Femminismo estremo contro la cucina italiana: quando il patriarcato arriva nel piatto
Secondo il femminismo radicale la cucina italiana sarebbe patriarcale e colonialista. Un’accusa grottesca che colpisce identità, tradizione e memoria culturale.
Quando il patriarcato incontra gli spaghetti
La situazione è ufficialmente sfuggita di mano.
Siamo oltre il ridicolo, oltre il grottesco, oltre persino la caricatura.
Secondo un’ attivista femminista, Valeria Fonte, la cucina italiana sarebbe uno “strumento del patriarcato e del colonialismo”. Ora, qualcuno dovrebbe spiegare cosa diavolo c’entri il patriarcato con un piatto di spaghetti al pomodoro.
La cucina italiana, piaccia o no, è storicamente femminile. Non nasce nei palazzi del potere, ma nelle case. È stata trasmessa tra donne: madri, nonne, zie. È la cucina che ha permesso di tenere insieme famiglie intere, spesso in condizioni di povertà e sacrificio. Altro che dominio maschile.
Ci spiace per la signora Fonte, ma la cucina italiana è patrimonio dell’umanità.
Il patriarcato non passa dal ragù che sobbolle la domenica mattina.
Non si annida nelle lasagne o nelle polpette.
Confondere strutture di potere con tradizioni popolari non è critica sociale: è analfabetismo concettuale.
Questo femminismo non analizza: accusa. Non distingue: demonizza. E soprattutto non libera nessuno.

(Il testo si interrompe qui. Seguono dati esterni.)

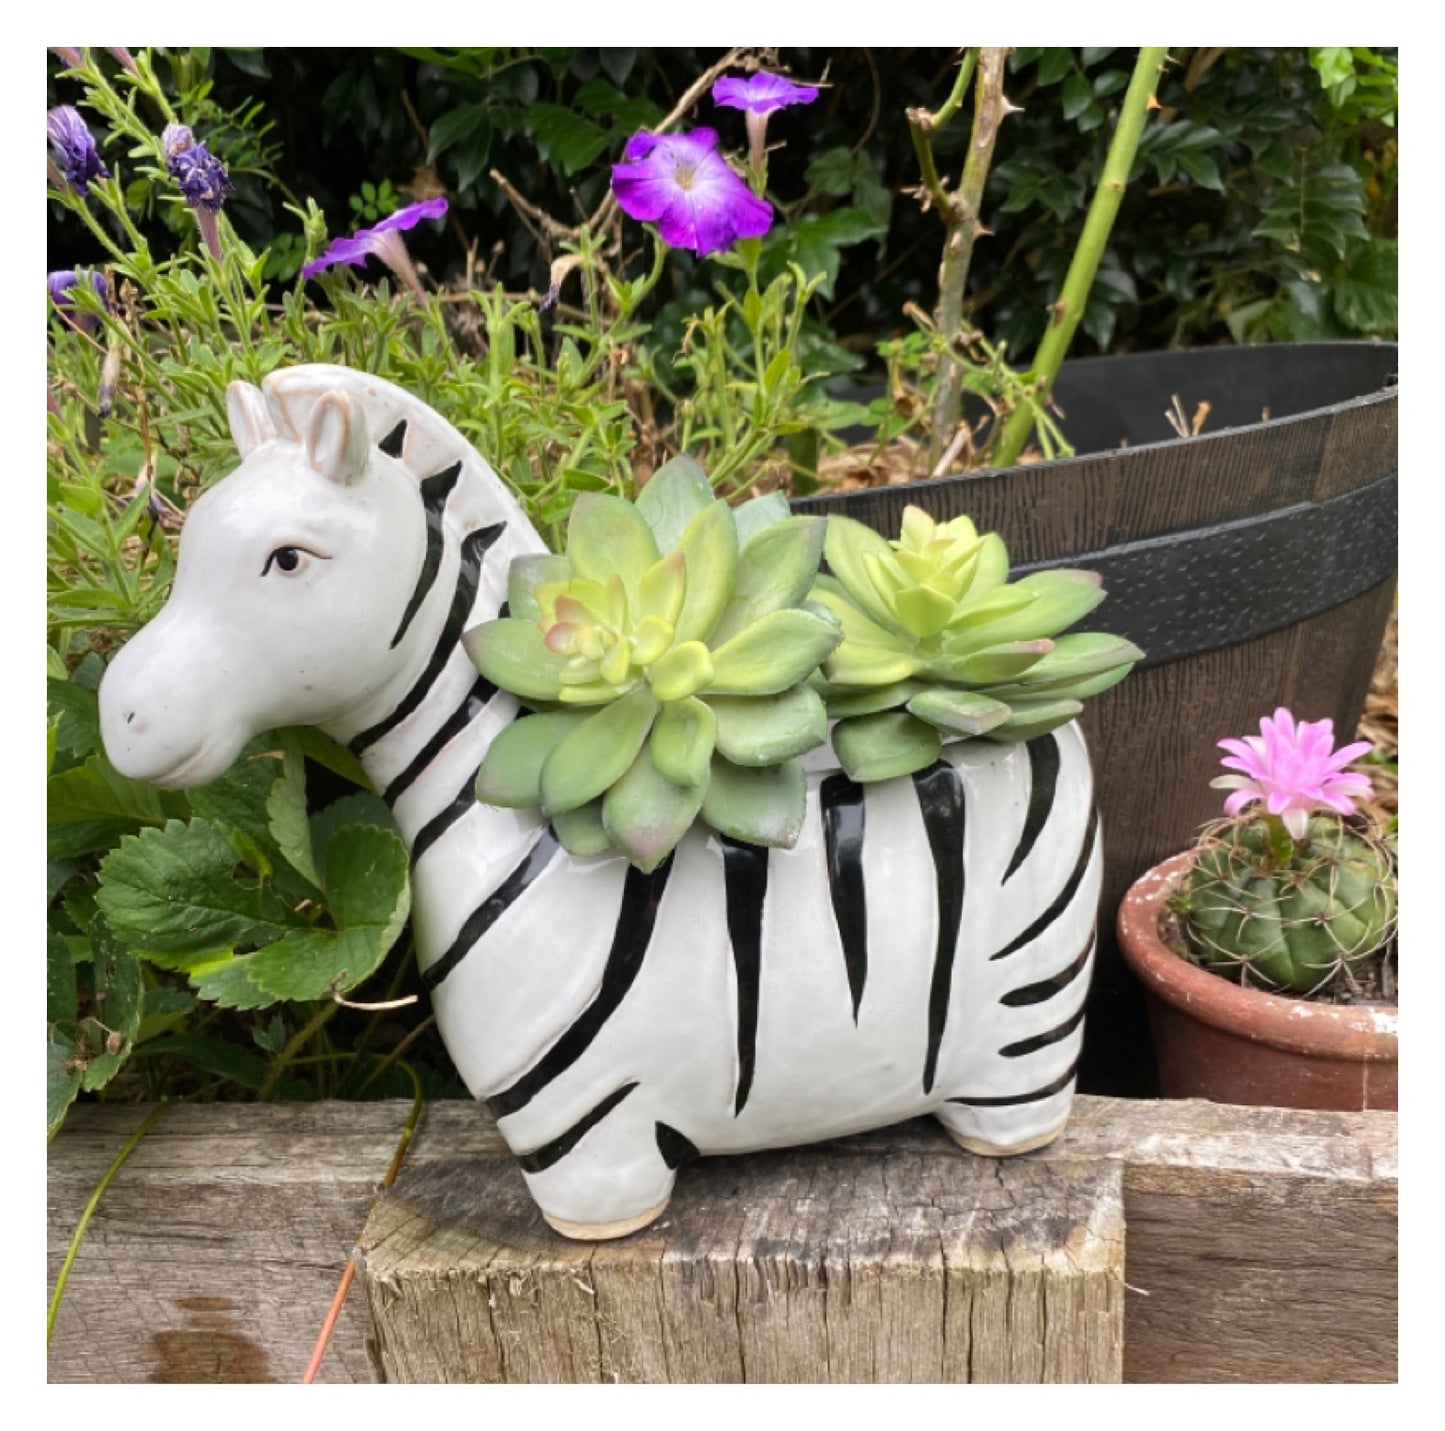 Zebra Leo Plant Pot Planter Garden

Dalla cucina “colonialista” alla demolizione dell’identità
Ancora più grottesca è l’accusa di colonialismo.
La cucina italiana è locale, territoriale, povera. Nasce dalla scarsità, non dal dominio. È figlia dell’ingegno, non dell’imperialismo. Altro che coloniale: è radicata, domestica, profondamente popolare.
Il problema, allora, non è il cibo.
Il problema è ciò che rappresenta: la tradizione, la memoria.
Il bersaglio di questo femminismo ideologico non è più il “patriarcato”, parola ormai svuotata e usata come clava, ma l’identità italiana stessa. Tutto ciò che non può essere riscritto, decostruito, rieducato diventa automaticamente sospetto.
E così scopriamo che: la nonna che impasta alle sei del mattino è complice del sistema,
la mamma che cucina per amore è alienata dal colonialismo,
la pasta al forno della domenica è oppressione strutturale a strati,
il ragù che sobbolle per ore non è tradizione ma mansplaining culinario,
la carbonara è maschilismo tossico con uovo,
l’olio extravergine è privilegio eteropatriarcale spremuto a freddo.
Però attenzione:
se un uomo cucina è “chef”,
se una donna cucina è “retaggio culturale”.
A questo punto viene spontaneo chiederselo: la prossima a essere sanzionata sarà Nonna Papera con il suo manuale di cucina?
Apologia del patriarcato a colpi di crostate e tortellini.
La forchetta ideologica nel piatto
Care donne, applicare ossessivamente categorie ideologiche a tutto, persino a ciò che abbiamo nel piatto, non è emancipazione. È schizofrenia ideologica.
Ed è soprattutto un insulto alle donne reali.
Quelle che hanno cucinato non per oppressione, ma per amore, responsabilità, sopravvivenza.
Quelle che non hanno mai chiesto di essere “liberate” da un piatto di pasta.
La cucina italiana è patrimonio UNESCO, ma per qualcuno diventa strumento di dominio solo quando non serve più come simbolo identitario.
Se continuerà così, non dovremo più preoccuparci del patriarcato.
Basterà guardare cosa resta della nostra identità dopo che l’avranno smontata, pezzo per pezzo, a colpi di forchetta ideologica.